This ship is supposedly the _Kenrix _built in 1921. I hope it's the right one.
http://www.rhiw.com/y_mor/coastal_vessels_photos/vessels_04/kenrix.jpg

_SS Kenrix_ was built in 1921 at the Cochrane and Sons in Selby at the same time as her sister ship, the _SS Ernrix_. The Ernrix sank just outside Middlesbrough in June 1939. I haven't been able to find anything on the fate of the Kenrix
--
Preben


----------



## BillH (Oct 10, 2007)

Hope this helps

KENRIX (1) (1921 - 1946)
O.N. 144079. 692g. 317n. 175.0 x 29.1 x 11.3 feet.
T.3-cyl. (13”, 23” & 37” x 26”) engine made by J. Lewis & Sons Ltd., Aberdeen. 96 rhp
27.11.1920: Launched by Cochrane & Sons Ltd., Selby (Yard No. 701) for R. Rix & Sons, Hull.
5.1921: Completed. 
3.1.1922: Reoprted as ashore and refloated - details unknown. 
1946: Sold to Polpen Shipping Company Ltd., (Hannan, Samuel & Company Ltd., managers), and renamed POLKERRIS. 
1947: Samuel Hough & Co. (Shipping) Ltd., Falmouth, appointed as managers. 
1953: Sold to British Iron & Steel Company (BISCO) for demolition. 
31.12.1953: Arrived at Gateshead having been allocated to C.W.Dorkin & Co. Ltd.


----------



## Scurdie (Aug 6, 2009)

The link given by Ohpebbles looks right. She is very similar to Norrix, built about the same time, of which there is an excellent drawing in C.V. Waine's book "Steam Coasters and Short Sea Traders".
There is an alleged picture of "s.s.
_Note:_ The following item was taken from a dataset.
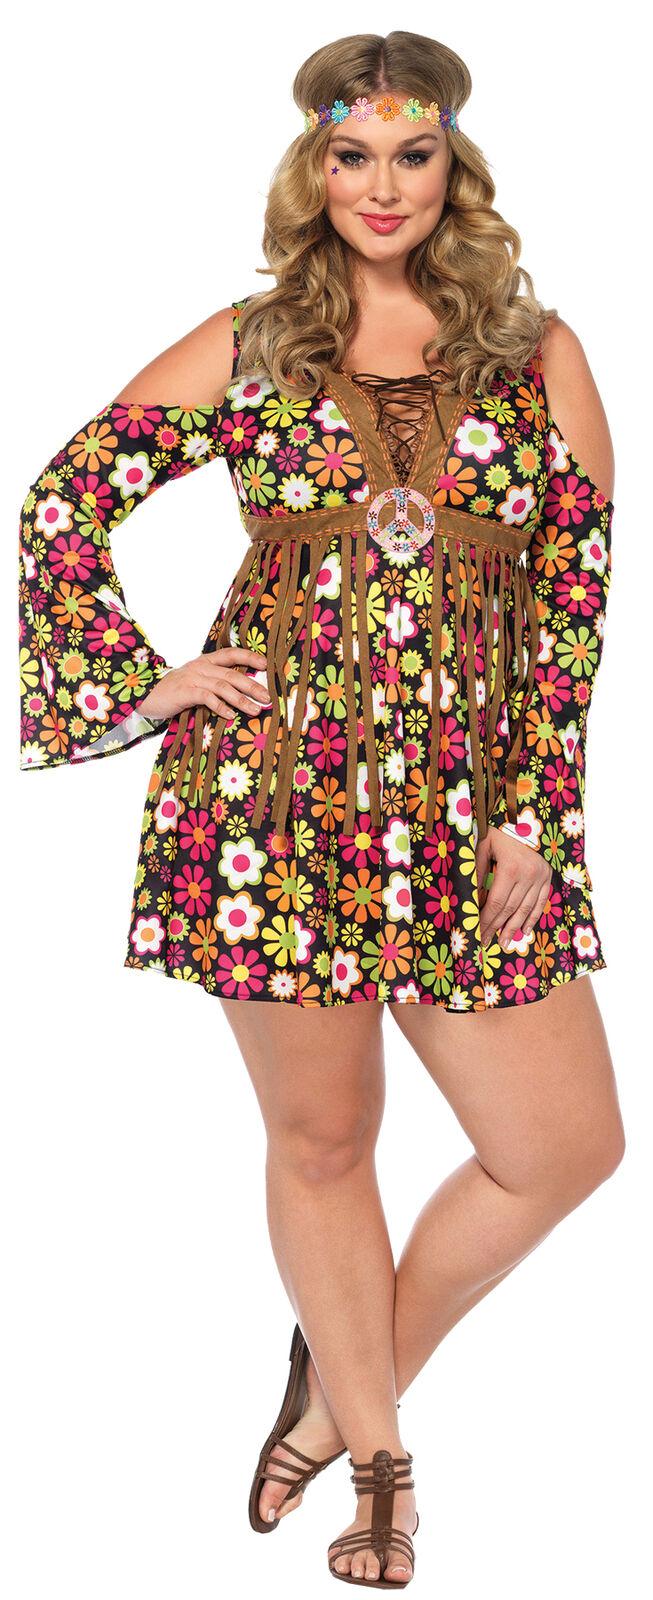 Hippie Starflower Adult Women's Costume Multi Color Fancy Dress Leg Avenue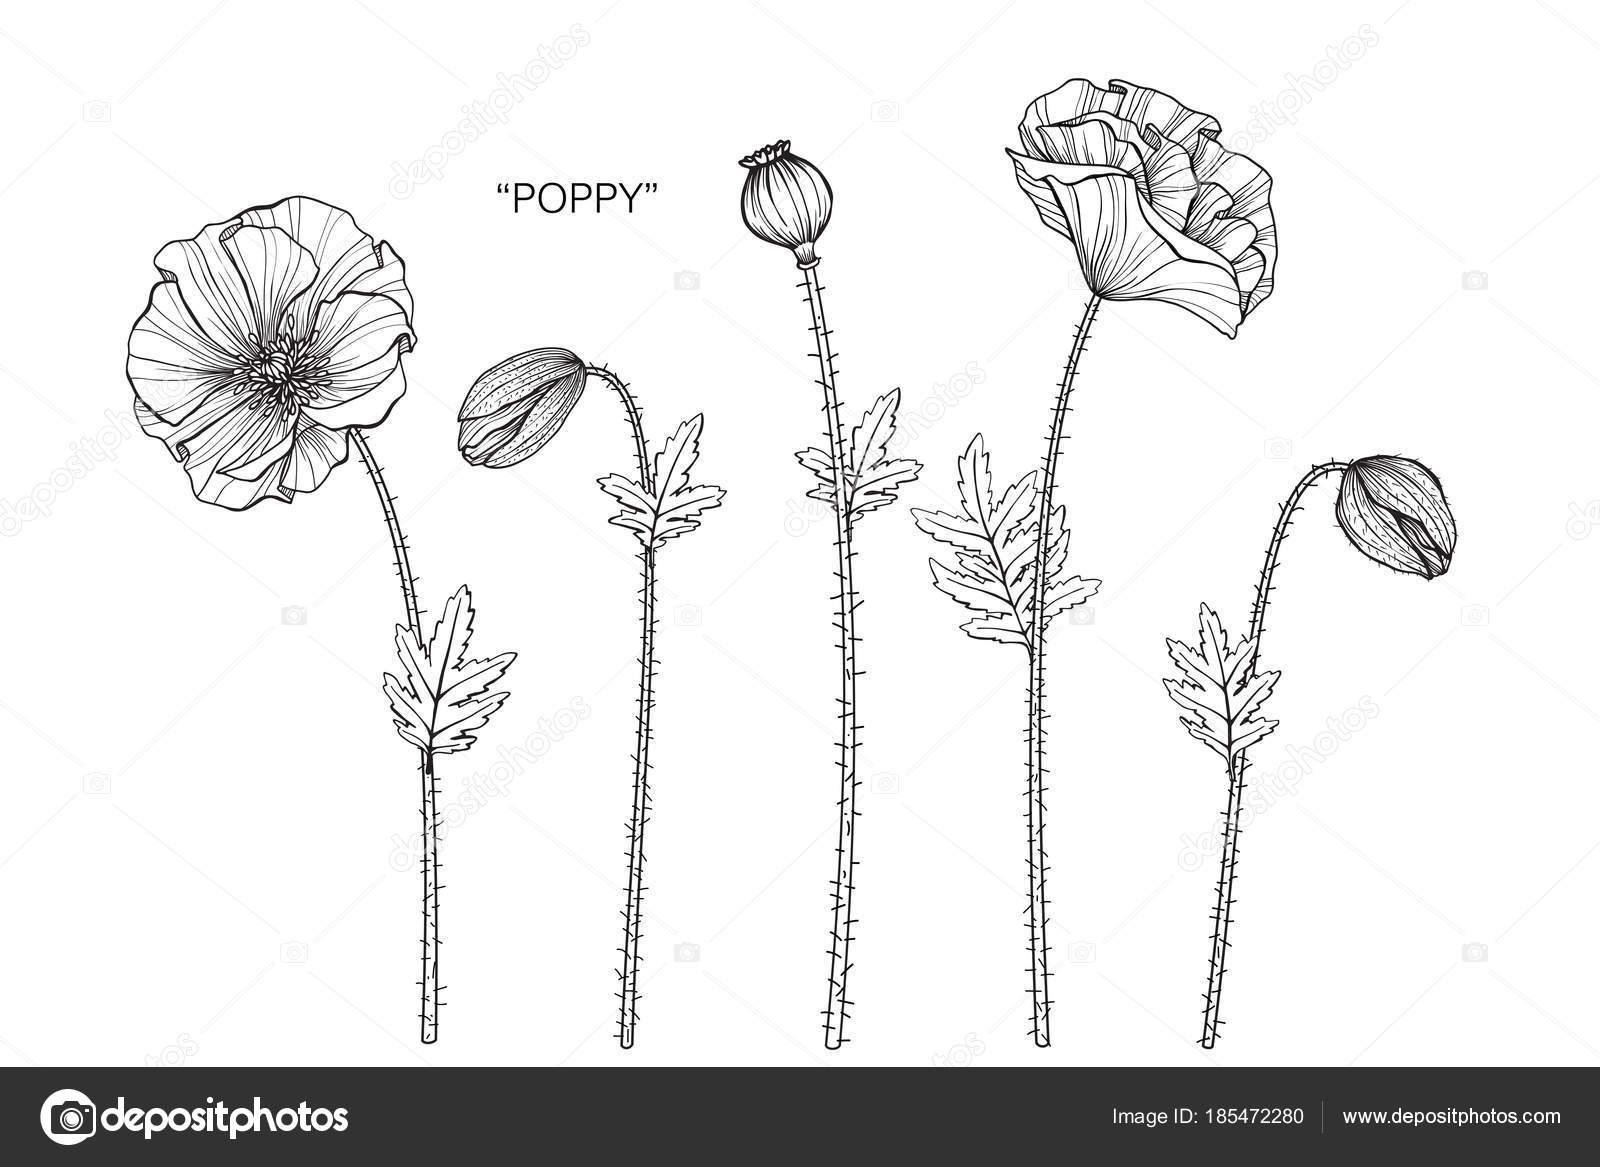 Poppy Flower Drawing Illustration Black White Line Art White

Kenrix" at http://www.wrecksite.eu/wreck.aspx?65380, but I am sure that the ship shown is a later ship: it looks like a motor ship to me.


----------



## wilf (Dec 2, 2006)

Thanks very much friends ,I knew I could rely on the masses of knowlege amongst you all. I have the "Steam Coasters " book so can certainly now compare with the Photo. Warm Regards,Alan


----------



## Misskittypaws (Jan 6, 2020)

I have my grandfathers cert of discharge from the Kenrix, 1941. He was a "donkeyman"


----------